**Data extract**
*** Begin section ***

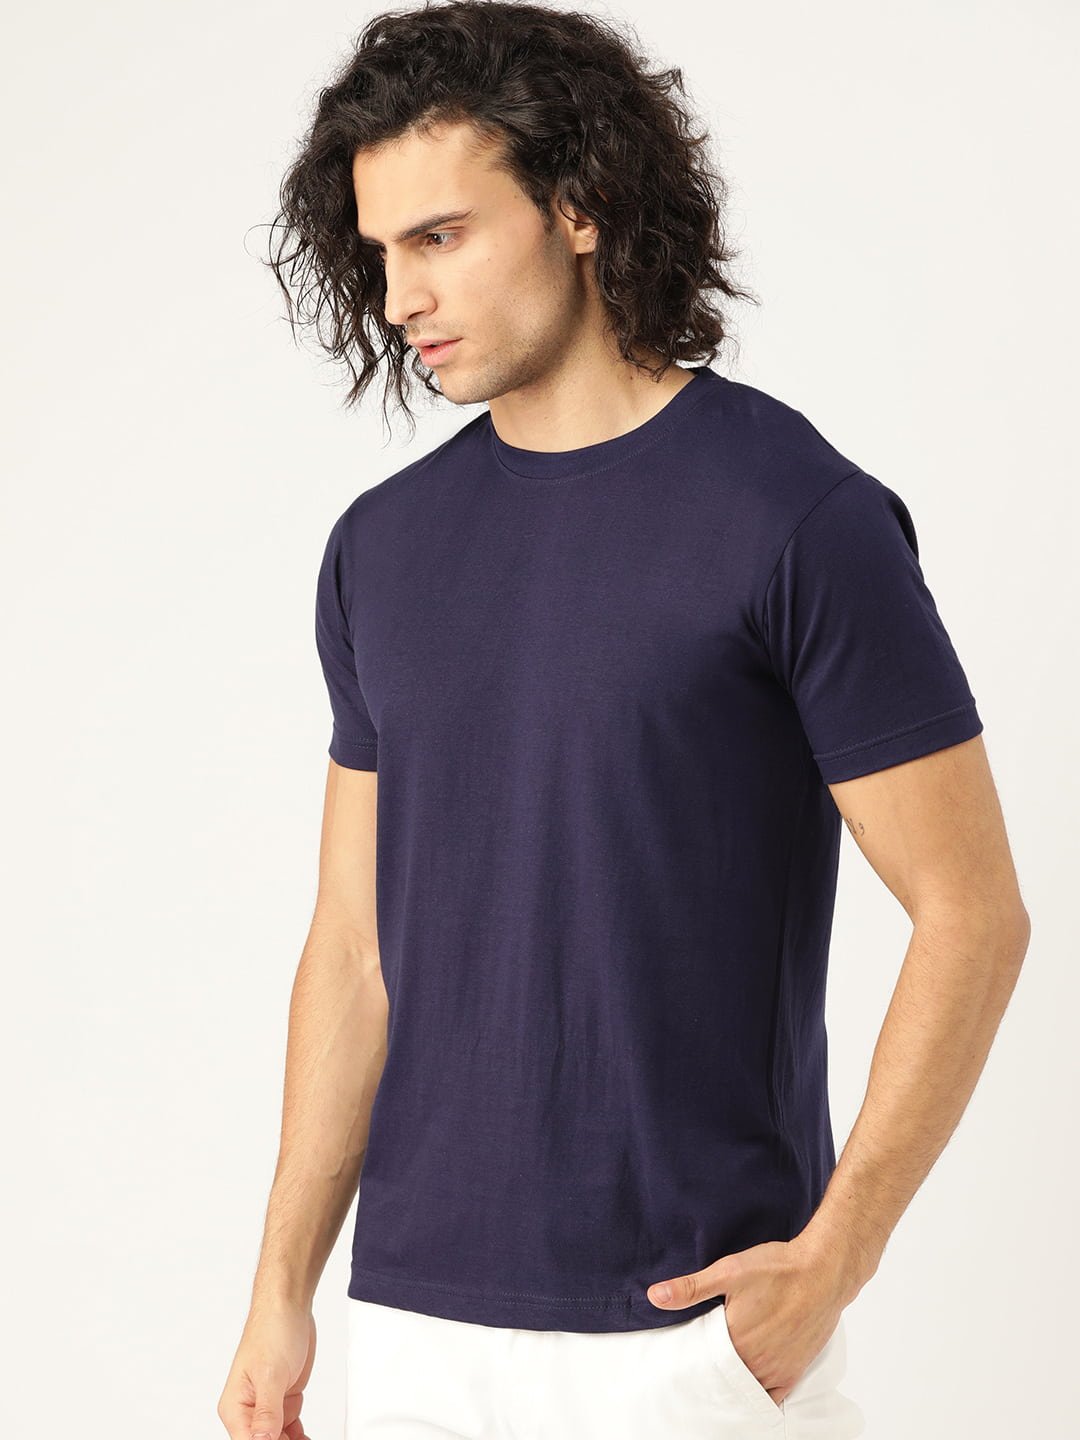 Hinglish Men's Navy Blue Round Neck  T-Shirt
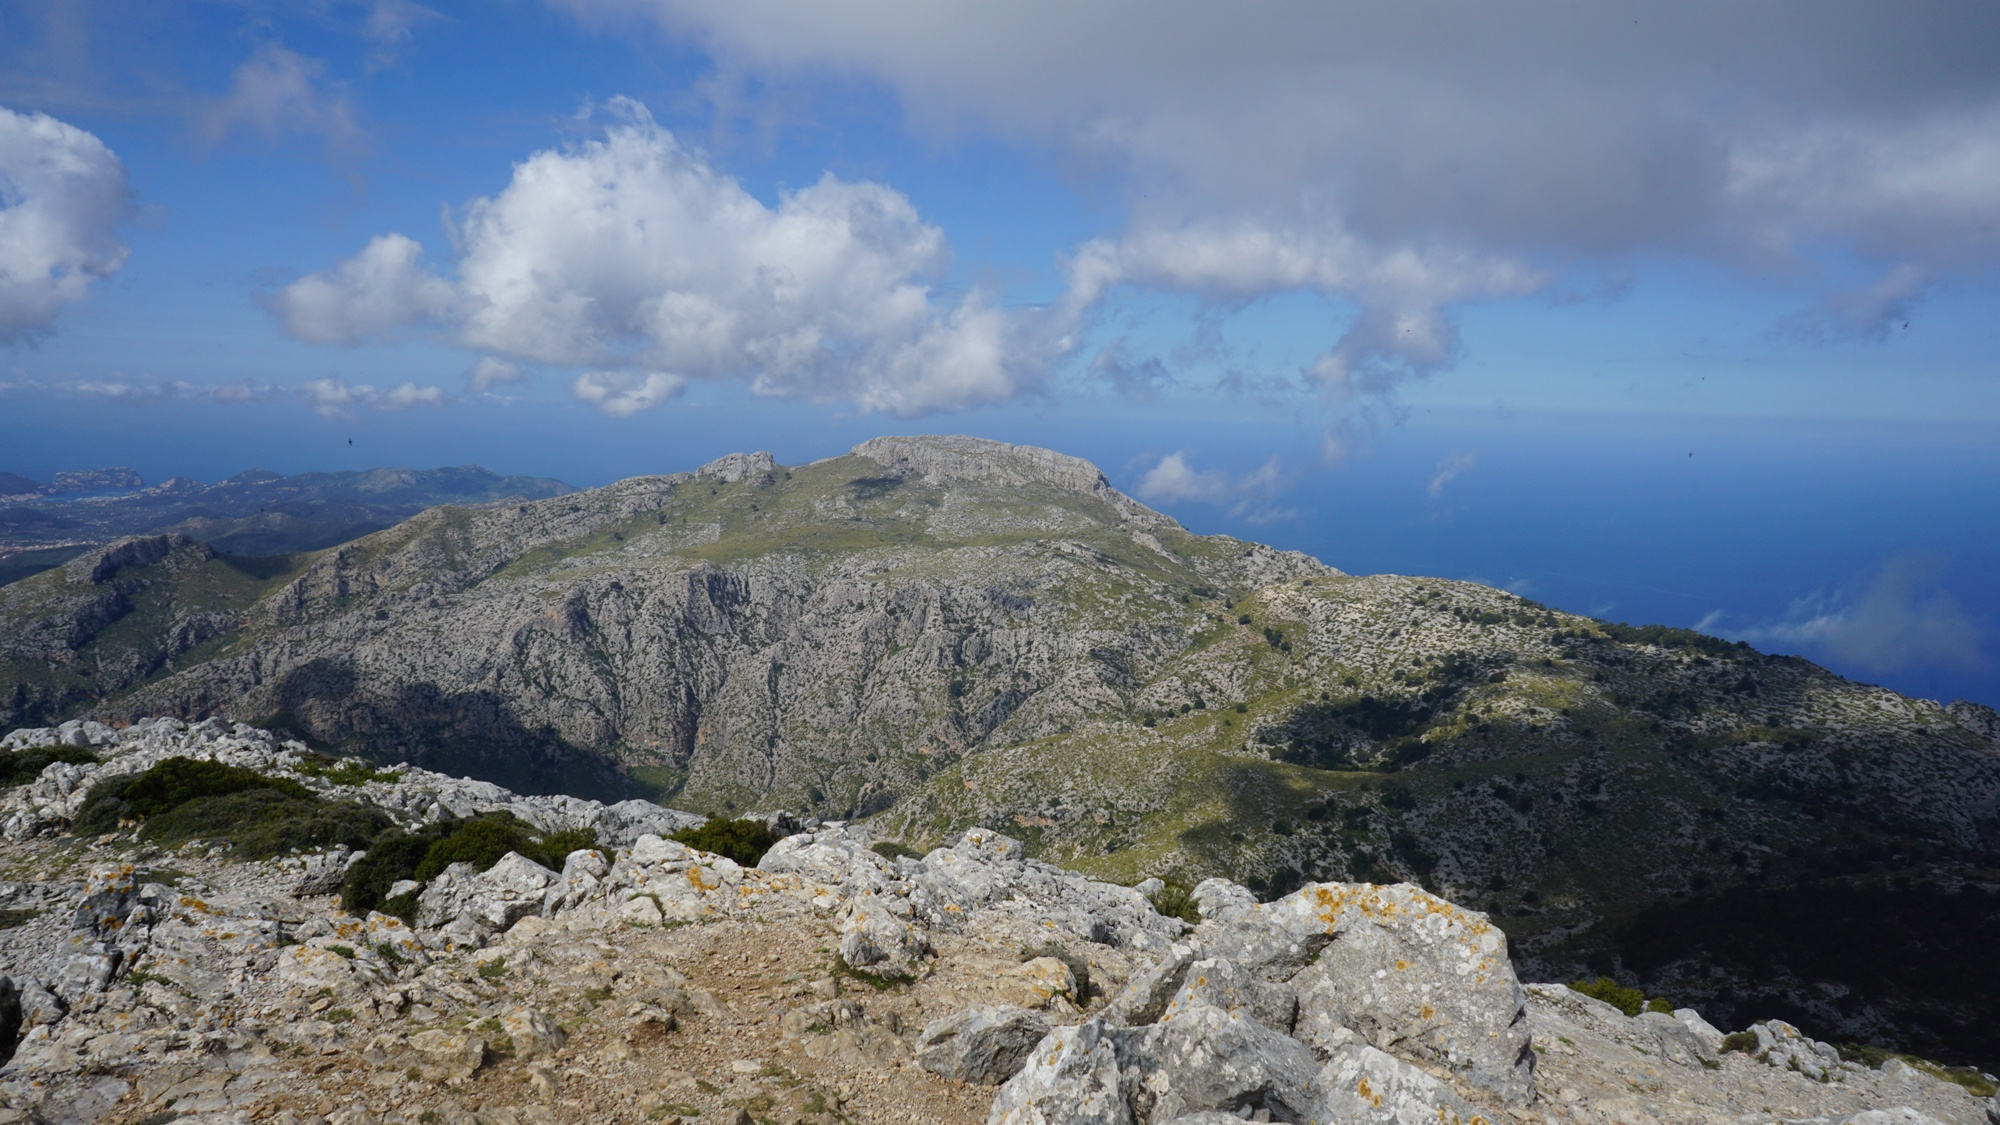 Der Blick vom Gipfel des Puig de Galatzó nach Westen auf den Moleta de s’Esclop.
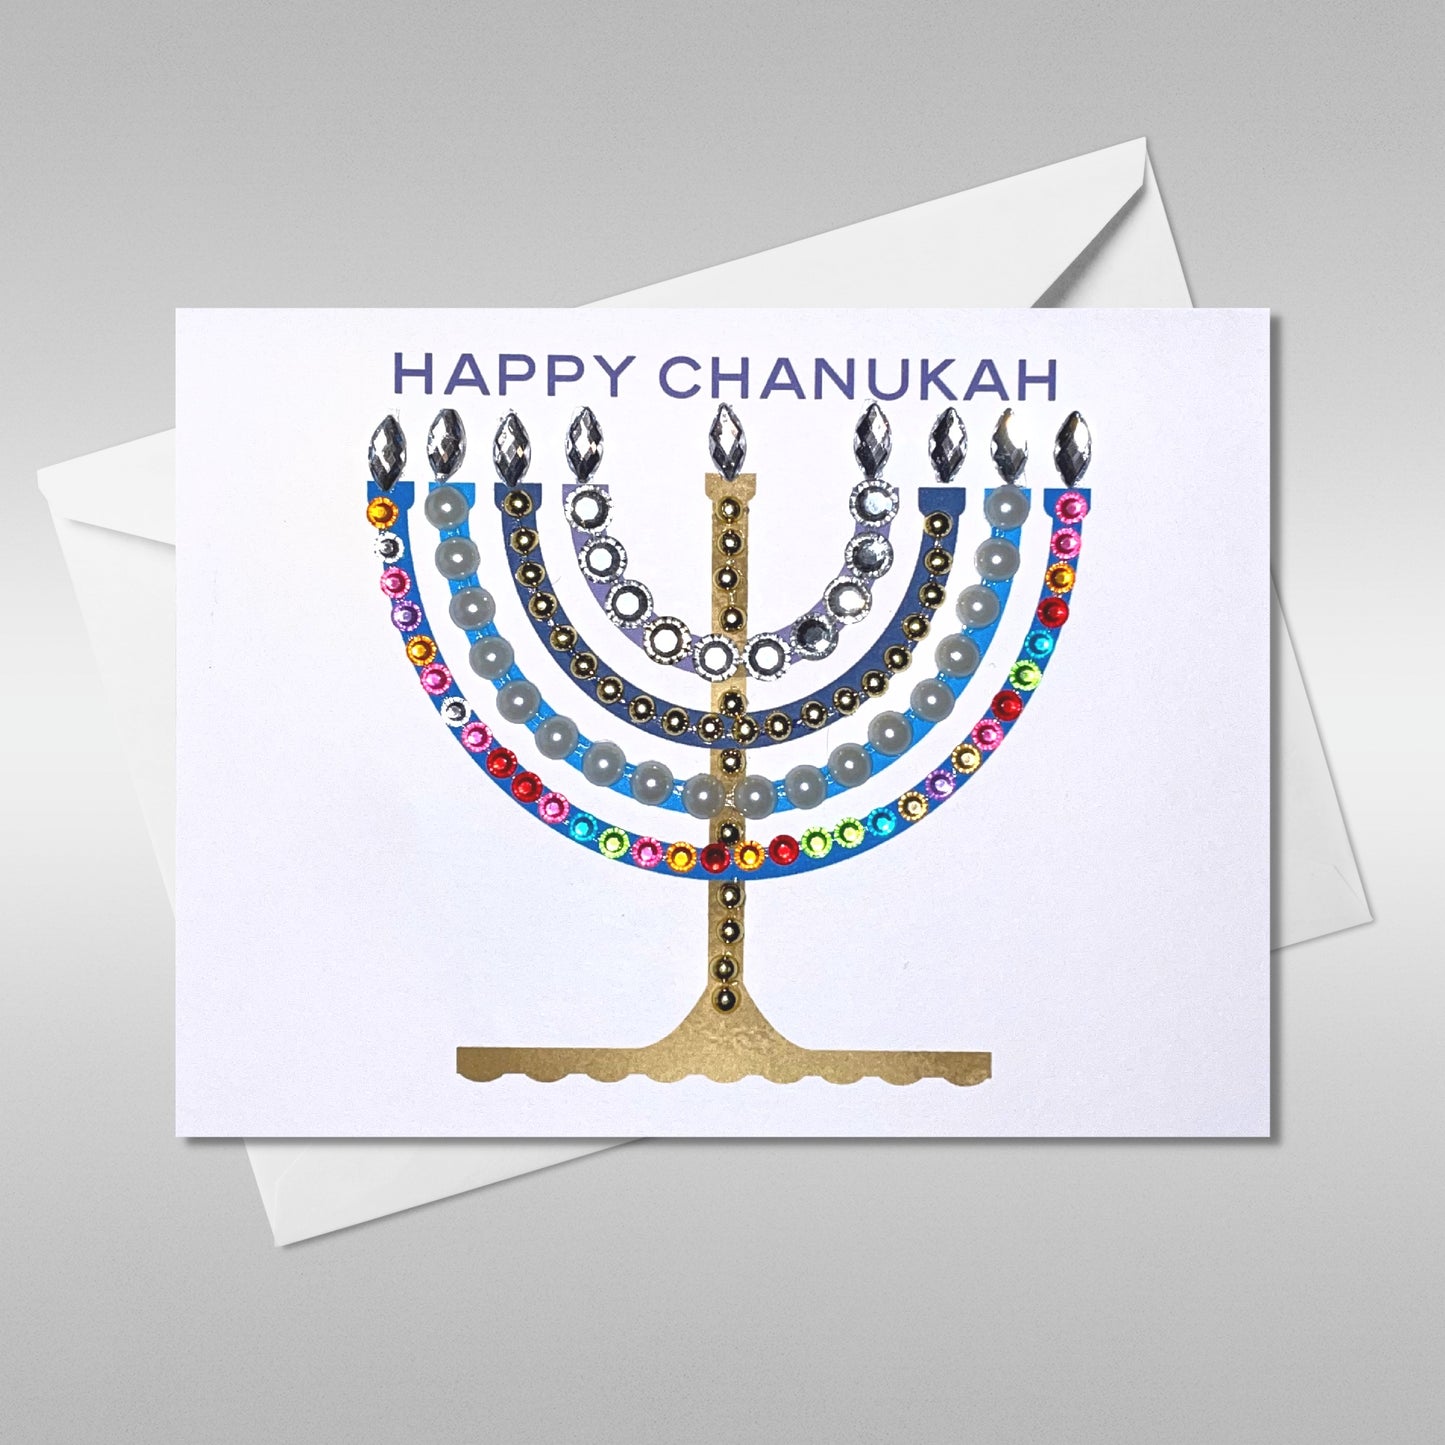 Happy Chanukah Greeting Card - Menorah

*** End section ***

**What you are asked to do**
Set the listing down again exactly, skipping each picture.

**Task answer**
 Hinglish Men's Navy Blue Round Neck  T-Shirt
 Der Blick vom Gipfel des Puig de Galatzó nach Westen auf den Moleta de s’Esclop.
 Happy Chanukah Greeting Card - Menorah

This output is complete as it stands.